Community viewing the printed map for NAMAMAYUK generated from the data collected from the settlements
Community viewing the printed map for NAMAMAYUK generated from the data collected from the settlements

GLTN in collaboration with the project implementing partners in the three countries organised the first ever learning exchange in the Philippines 20-27 November 2019. Participation was drawn from all the implementing agencies, community members and leaders in the project sites, local government representatives from the Philippines and GLTN. Given that the project is at different stages of implementation in the three countries, the learning exchange provided a very good opportunity for the stakeholders to share experiences and lessons on the application and implementation of land tools, capacity development for the change agents and the engagement and building of partnerships. This project emphasizes capacity development as one outcome area that is critical for the sustainability of GLTN interventions as reflected in the GLTN Phase 3 Strategy and Programme.

The exchange was structured to allow for discussions on country contexts as well as project-specific issues and this dialogue allowed stakeholders to get detailed responses to specific queries on project issues and challenges. There was also a field visit to the Technical Assistance Movement for People and Environment Inc. (TAMPEI), a GLTN implementing Partner and the technical support unit of the Homeless People’s Federation Philippines Inc. (HPFPI) in the Philippines to learn more on urban interventions towards securing land rights. This visit helped the participants to appreciate that rural and urban areas and populations are increasingly interlinked, with interactions between different settlements along the rural-urban continuum shaping the livelihoods, food nutritional and security outcomes. Participants also visited project sites in the Northern Mindanao and interacted with partner indigenous cultural communities to share experiences from the project.

Participants also witnessed the presentation of 23 Certificates of Customary Land Occupancy (CoCLO) to households of Nagkahiusang Manobong Manununod sa Yutang Kabilin (NAMAMAYUK Inc.), one of the Indigenous People’s Organization (IPO) where the project is being implemented in the municipality of Pangantucan, Province of Bukidnon, Mindanao. Of these, two were presented to women-led households, 18 were joint certificates presented to married couples and three were issued to youth. Present at the presentation ceremony were local government representatives from Barangay Nabaliwa and Barangay Bacusanon and 11 tribal leaders of the different tribes of the Manobo people within the IPO community. This project is also working in two other IPO: Portulin Talaandig Tribal Association (PTTA) and the Miarayon-Lapok-Lirongan-Tinaytayan Talaandig Tribal Association (MILALITTRA).
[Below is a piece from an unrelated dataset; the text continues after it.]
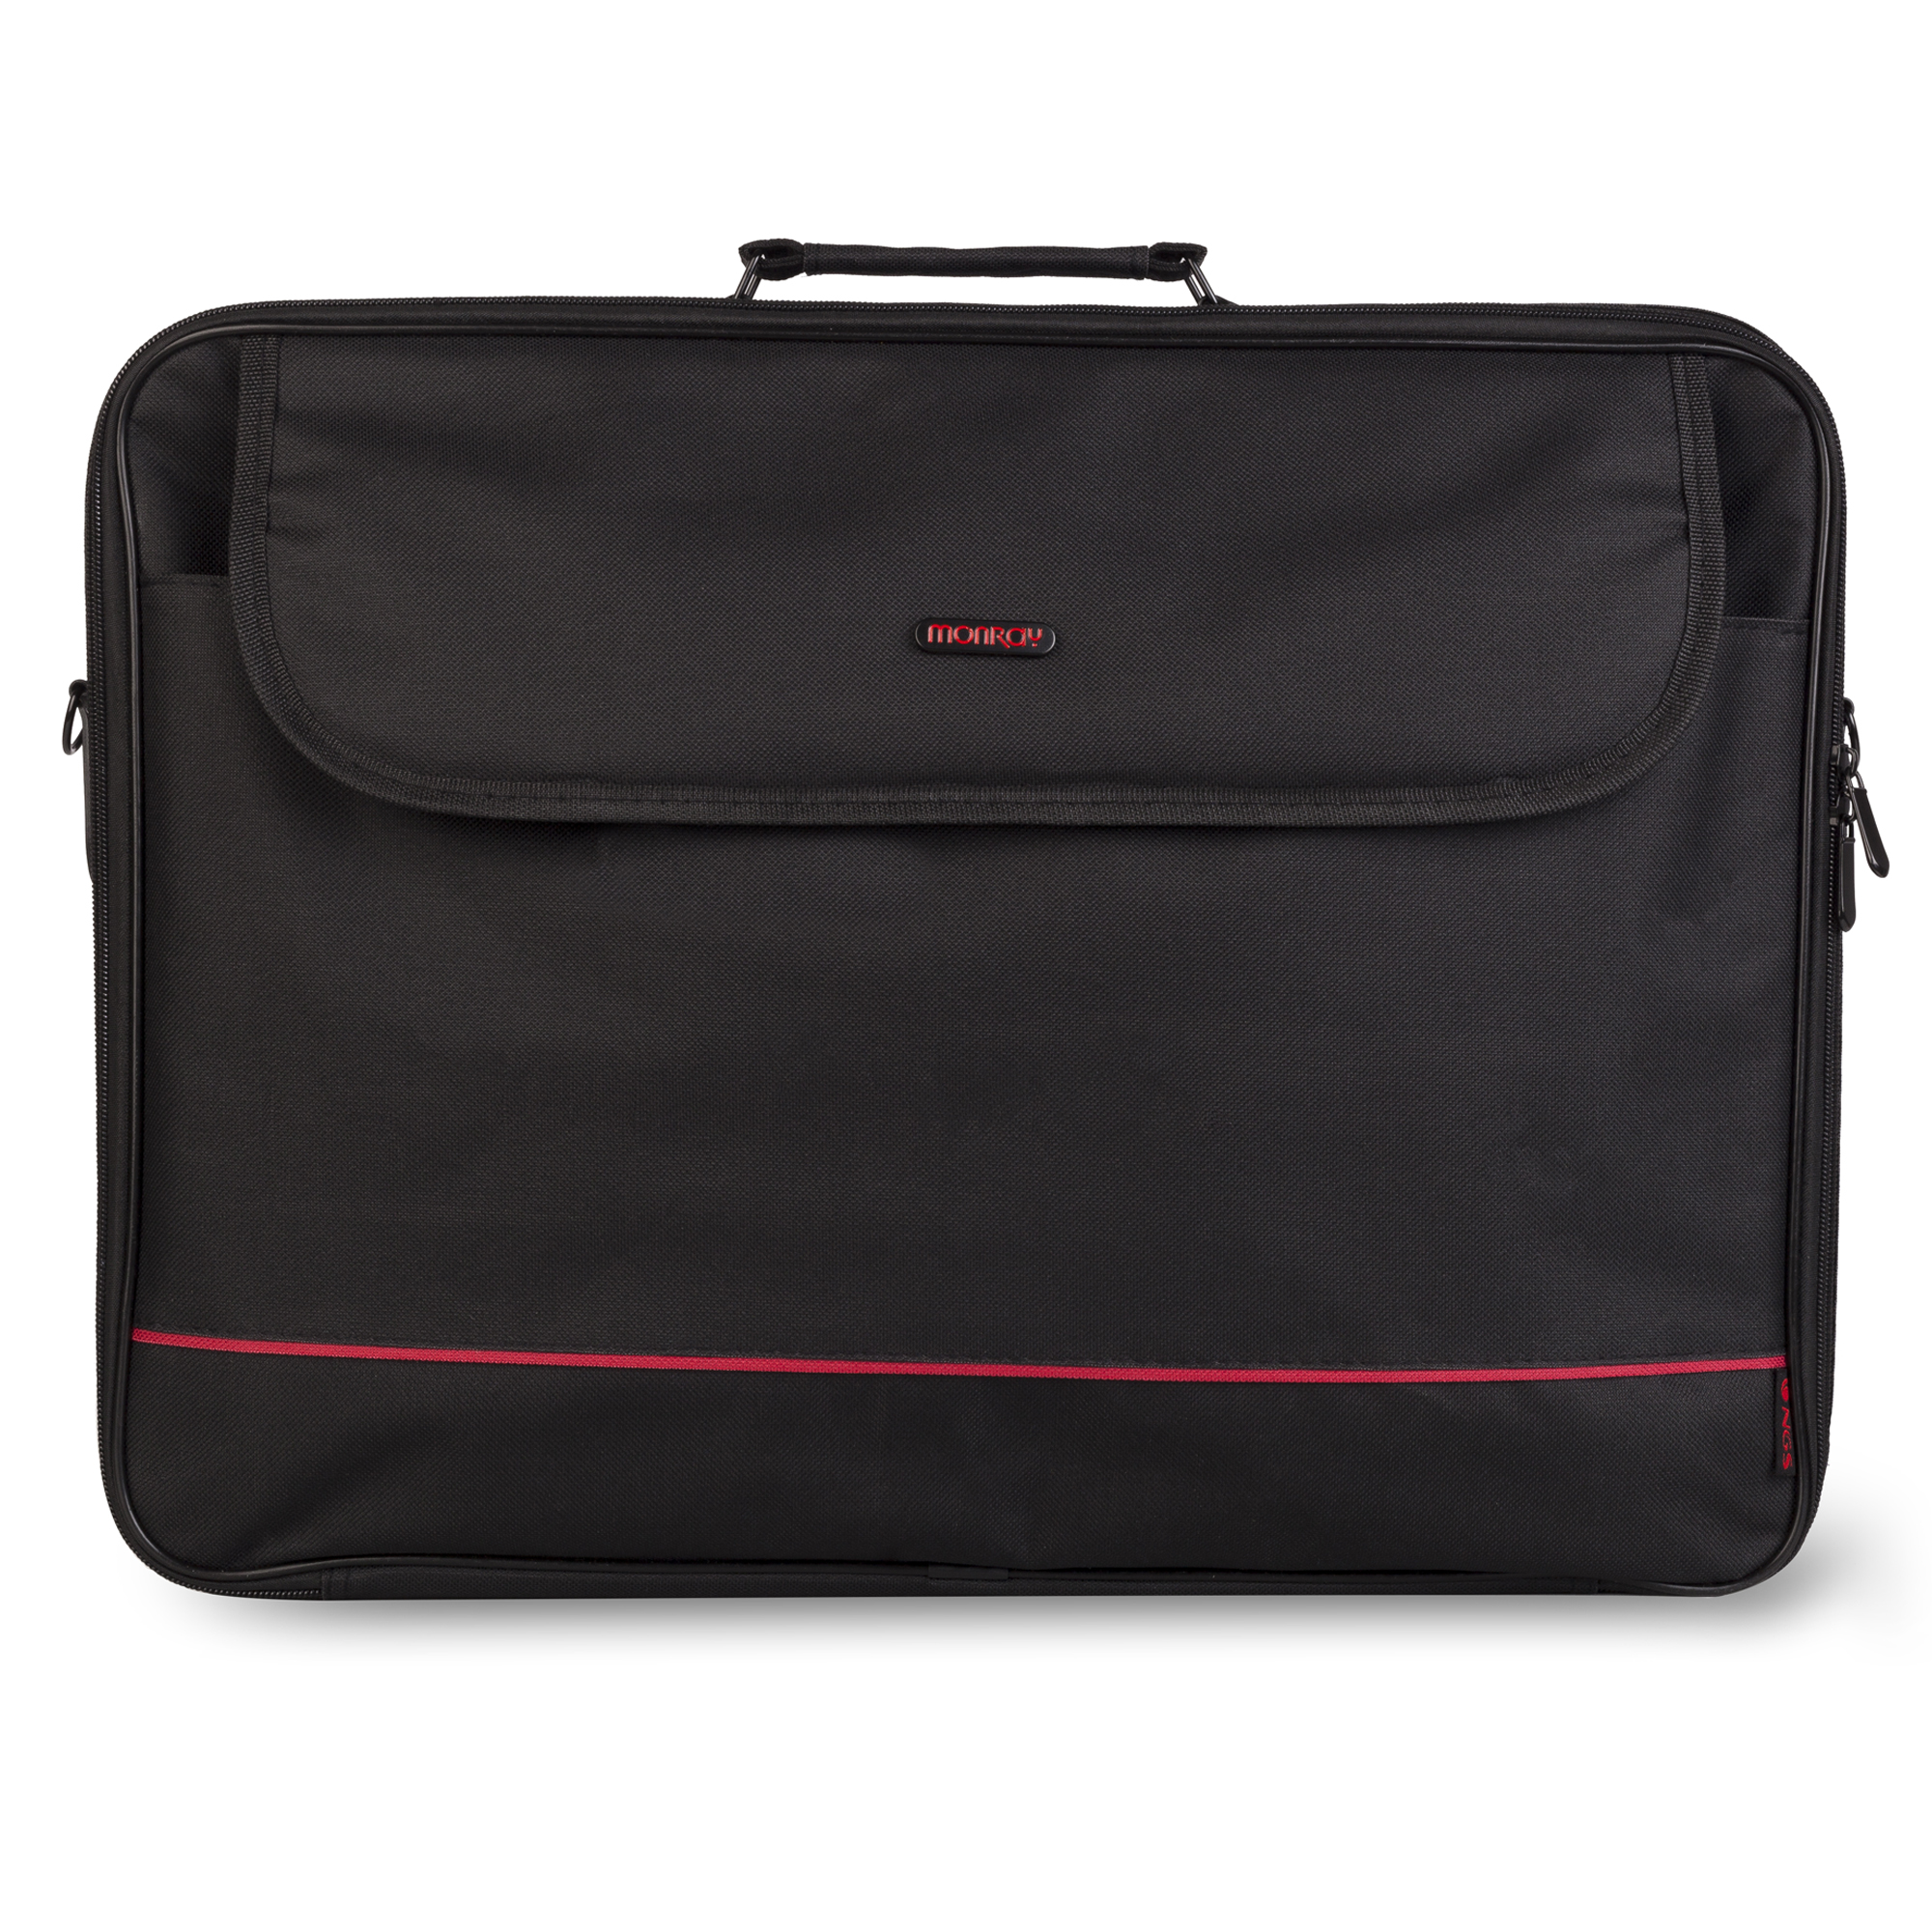 Ngs Passenger Plus maletines para 457 cm 18 negro hasta nylon monray color y detalles rojo. compartimento documentos objetos personales. passanger portatil 16

Learning exchange participants with the community members of NAMAMAYUK
Learning exchange participants with the community members of NAMAMAYUK

The tribal Chieftain Isabelo Tandihon thanked the partners for this project, noting its significance in securing the ancestral domain land from encroachment especially from large-scale investments companies. Chryi Nonay, a community enumerator for NAMAMAYUK said, “I feel very happy and proud to have participated in this project that will profit my community. I participated in data gathering, even the delineation too. If you were to call me again, I will do it without a second thought”. Majority of the enumerators are youth from the community who have gained or enhanced their skills in using the Global Positioning System (GPSs) gadgets and computers during data encoding.

This project is funded by Federal Ministry of Economic Cooperation and Development of Germany (BMZ) and is being implemented by Asian NGO Coalition for Agrarian Reform and Rural Development (ANGOC), Xavier Science Foundation (XSF) in the Philippines; Village Focus International (VFI) from Laos; and, Makerere University School of Built Environment  (MUK-SBE) and Uganda Community Based Association for Women and Children Welfare (UCOBAC) in Uganda.